Both Holý and De Clercq waived all royalties from that deal.

The happy accident

Holý says AIDS no longer interests him. He is not callous. He says it has become a disease that is manageable, unlike cancer. Of course, he has a lot to do with that fact.

He shrugs. It was all an accident, he says.

"I didn't know anything about viruses when I started," he says.

Money from Gilead will allow Holý to update his equipment, patent more compounds and welcome visiting experts, all in an effort to reach new areas of anti-viral treatment. Even now, some of his newer compounds have been found to fight certain viruses that cause some cancers.

"This collaboration today will lead to many, many things, but it will probably be decades before we'll know about it," John Milligan, Gilead's vice president, told reporters last month.

Holý keeps notebooks dating to the 1960s on the shelf in his office, their spines frayed. On the right-hand pages of each there is a single compound drawn out like a map.

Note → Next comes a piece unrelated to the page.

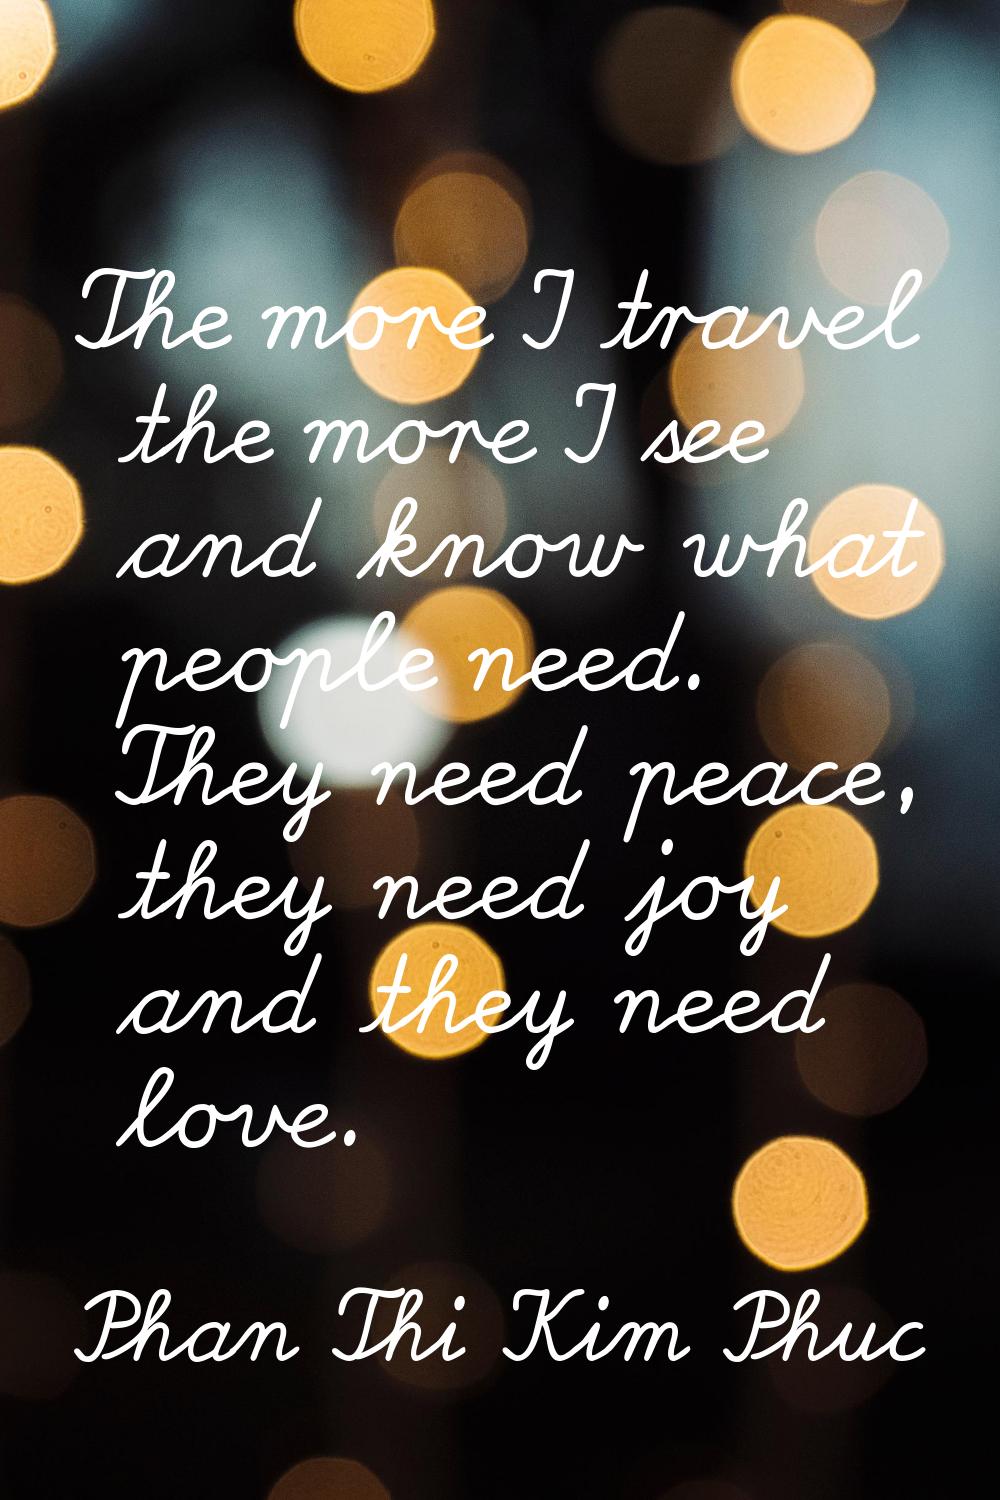 The more I travel the more I see and know what people need. They need peace, they need joy and they

There are almost 4,000 such drawings.

Much of this work, of course, took place during the communist regime. Holý says he was not persecuted — on the contrary, he received support and funding. The physical sciences were an important endeavor during Soviet times, unlike today, when funding can be difficult, he says.

De Clercq says their work generates $20 million in annual royalties, half of which goes to De Clercq's institution, half to the Czech Academy of Sciences. But Holý doesn't seem to see much of that. Why isn't he cashing in on his discoveries?

"I have what I need," he says. "What I would do with so much money, I can't imagine."

He pauses, thinks. "If that would buy 20 years of life back, then I would gladly do it."